Asia markets trade up, ASX adds 2% after GDP beat
Kazuhiro Nogi | AFP | Getty Images. Asia markets were higher in morning trade on Wednesday, taking early cues from overnight gains in Europe and U.S. · CNBC

Asian markets rose Wednesday, with China leading advances after a strong finish on Wall Street overnight.

The Japanese benchmark Nikkei 225 (Nihon Kenzai Shinbun: .N225) index closed at a three-week high, up 661.04 points, or 4.11 percent, at 16,746.55. The yen hovered at the 114 handle against the dollar, after falling overnight. The dollar/yen (Exchange:JPY=) pair traded at 114.37 as of 4:37 p.m. HK/SIN time.

Other markets followed, with Australia's S&P/ASX 200 (^AXJO) breaking the 5,000 level, to close up 98.97 points, or 2.01 percent, at 5,021.2, a one-month high. South Korea's Kospi (Korea Stock Exchange: .KS11) gained 30.76 points, or 1.6 percent, to 1,947.42, closing at its highest level since the start of 2016.

Hong Kong's Hang Seng index (Hong Kong Stock Exchange: .HSI) closed up 596.03 points, or 3.07 percent, at 20,003.49 to a seven week high.

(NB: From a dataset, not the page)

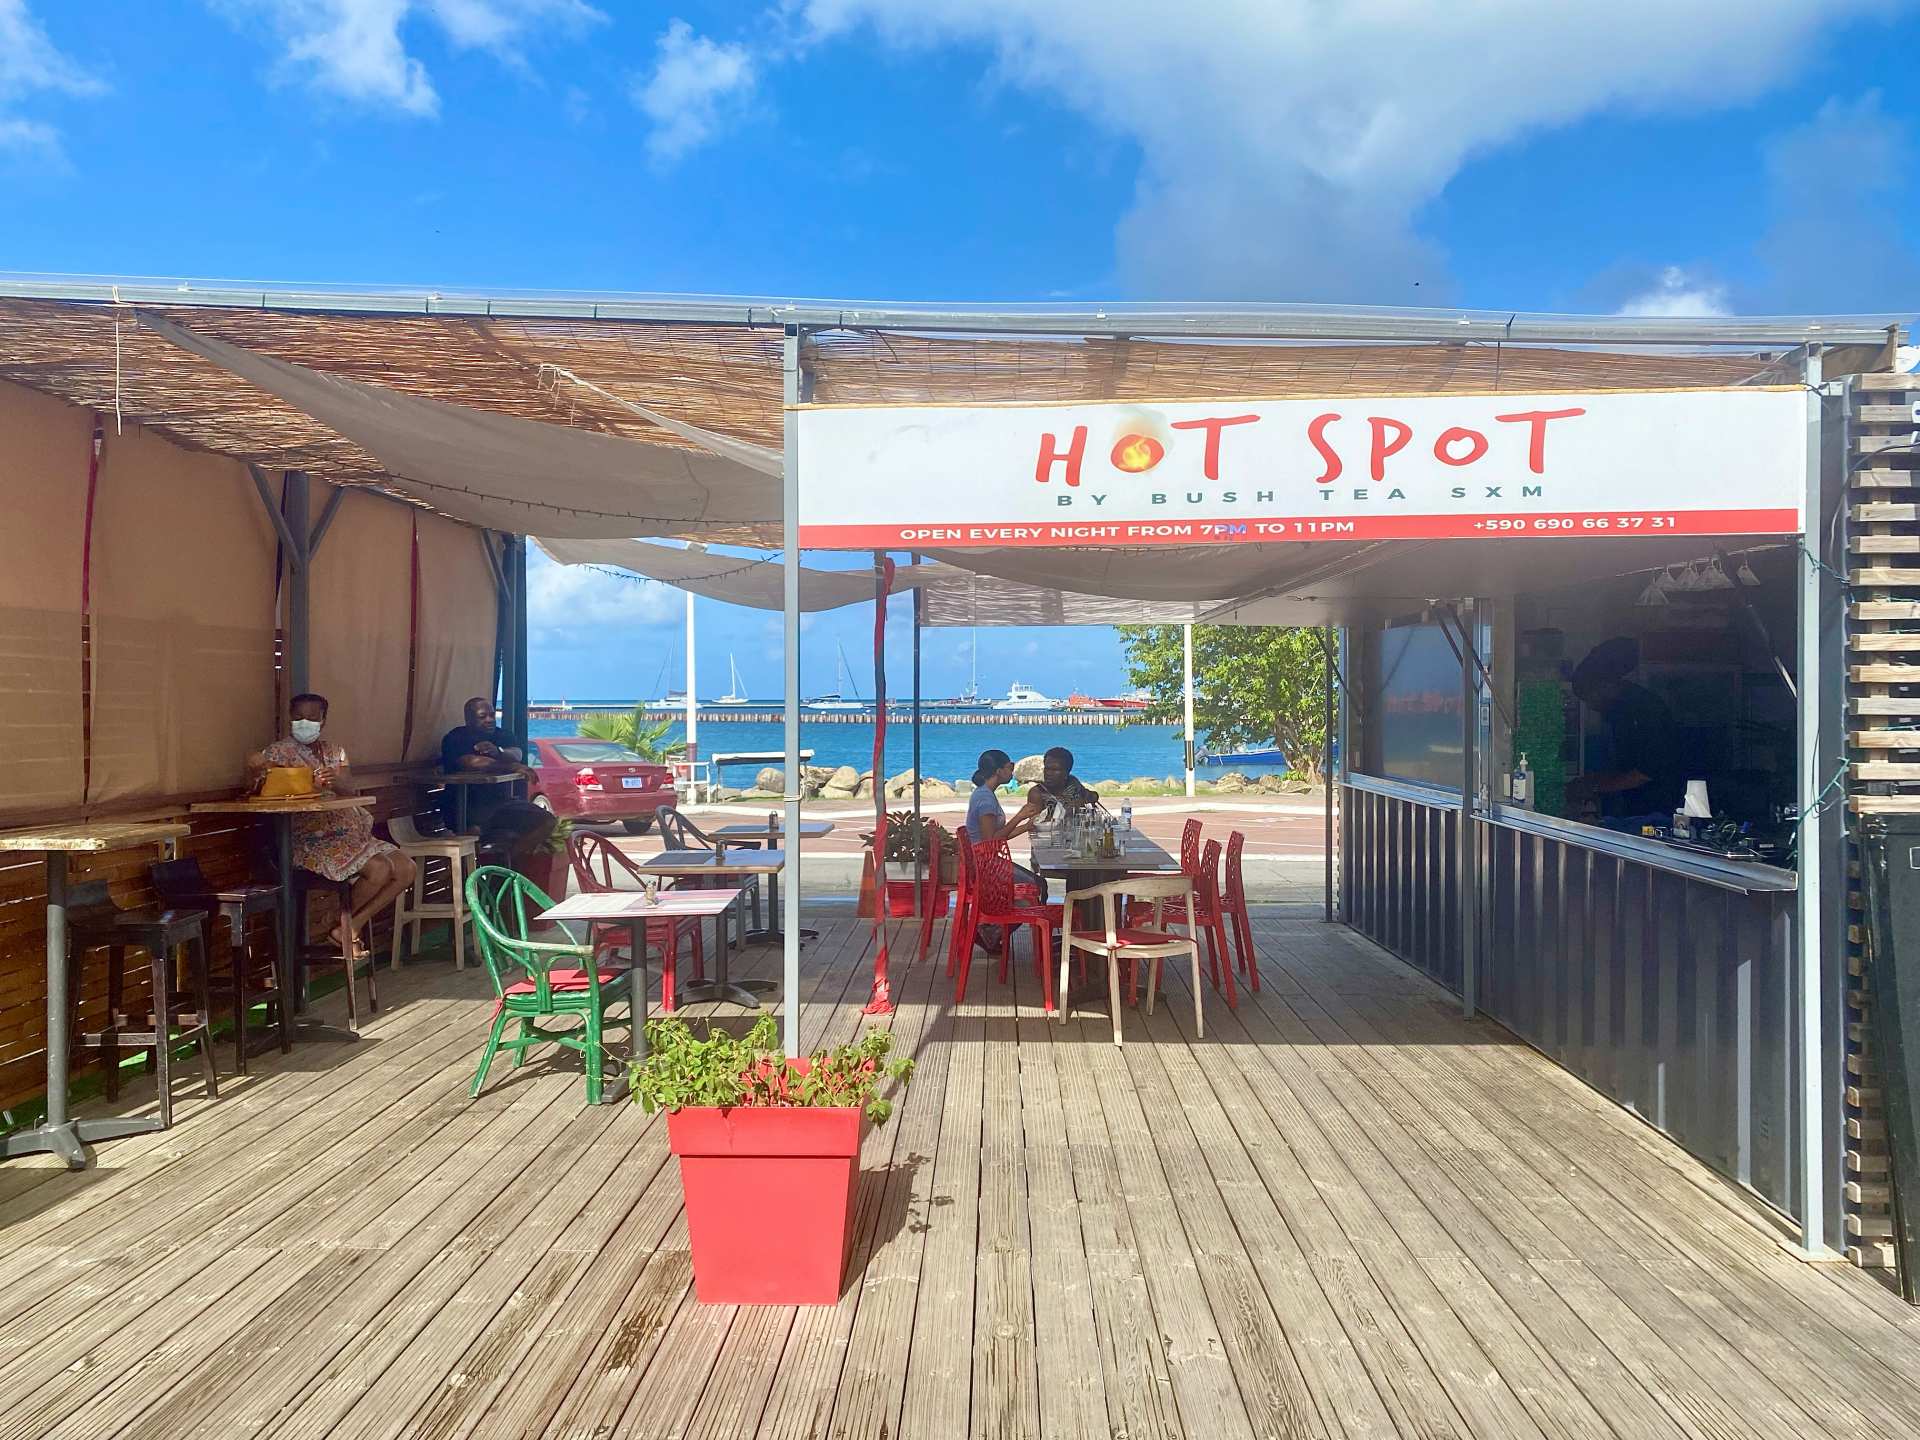 Saint Martin | Hot Spot, a lolo in Marigot
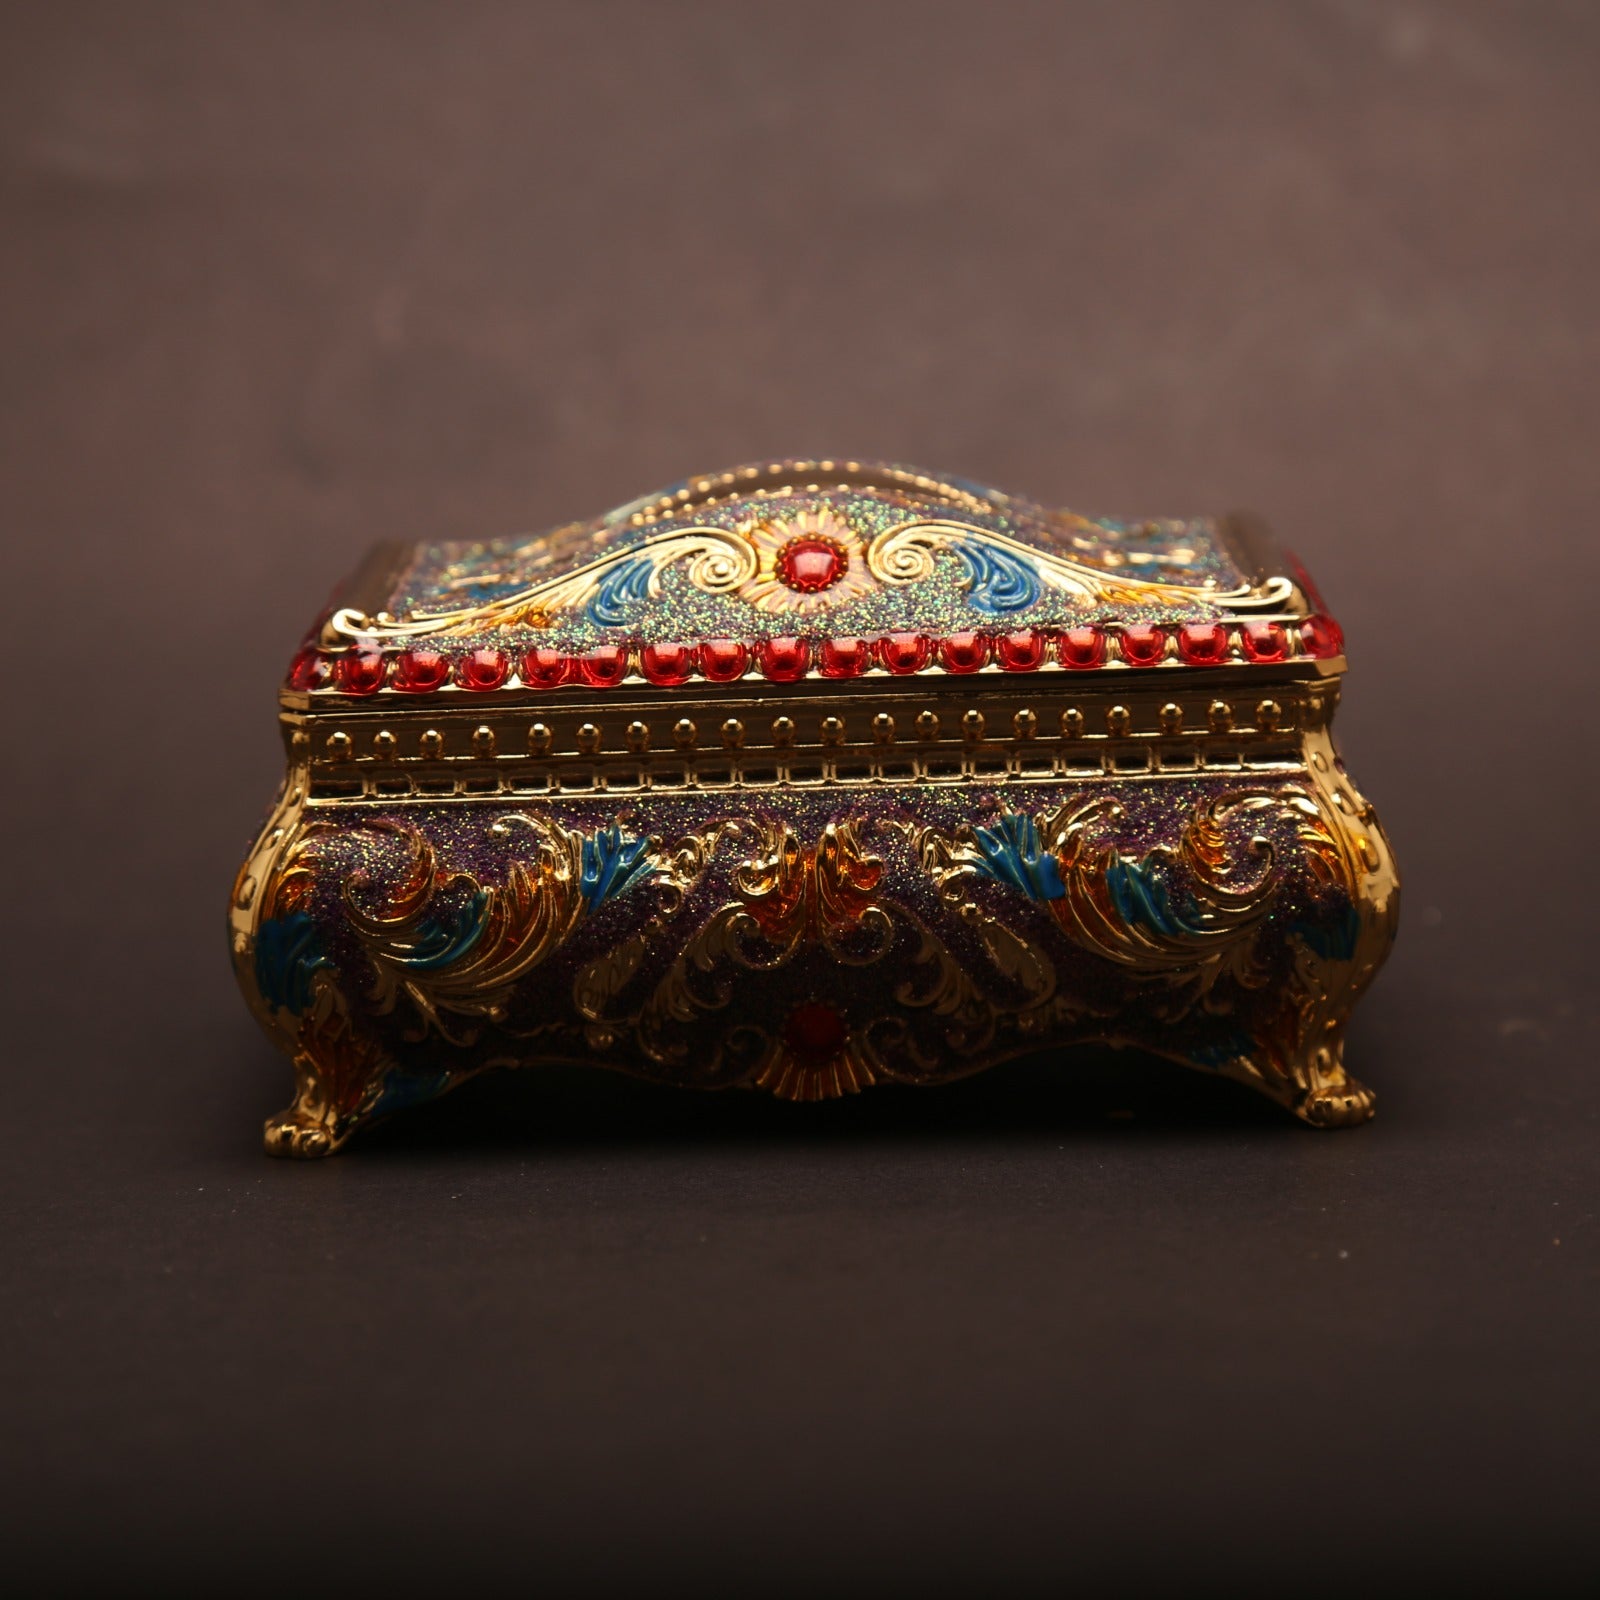 Pure Oudh Wood 10gm with Royal Aladdin Gift Box

Chinese markets also rallied, shrugging off news that ratings agency Moody's changed the country's credit rating outlook to negative from stable. The Shanghai composite (Shanghai Stock Exchange: .SSEC) finished up 115.93 points, or 4.24 percent, at 2,849.10, while the smaller Shenzhen composite (Dow Jones Global Indexes: .DJSZ) added 79.10 points, or 4.7 percent, to 1,760.58.

Major U.S. indexes rose on Tuesday, with the Dow Jones industrial average (Dow Jones Global Indexes: .DJI) up 2.11 percent, S&P 500 (^GSPC) adding 2.39 percent, and the Nasdaq composite (^IXIC) gaining 2.89 percent. Many analysts agreed that the better-than-expected data from the U.S. overnight reduced some of the concerns, for now, over a sharp slowdown in U.S. growth.

The People's Bank of China (PBOC) set Wednesday's yuan mid-point rate at 6.5490 compared to Tuesday's fix at 6.5385. It was the lowest fix since Feb. 2. The dollar/yuan (Exchange:CNY=) was flat at 6.5505 in the afternoon.

Singapore's DBS Bank said in a morning note that in contrast to January, March has started on a friendly note.

"Most markets - equities, bond yields, oil and commodities - have been recovering after stabilizing around mid-Feb, but are still well below the levels of the first Fed hike on 16 Dec," DBS said in the note.

Angus Nicholson, a market analyst at IG, wrote in his morning note the risk-on rally seen overnight in U.S. and Europe was mostly underpinned by the recent stability in oil prices above the $30 level over the past two weeks.

Oil prices were lower late afternoon during Asian hours, with U.S. crude futures down 1.51 percent at $33.88 a barrel, after gaining 2 percent in overnight trade . Global benchmark Brent was down 0.52 percent at $36.62 as of 4:40 p.m. HK/SIN, after settling up 0.6 percent during U.S. hours.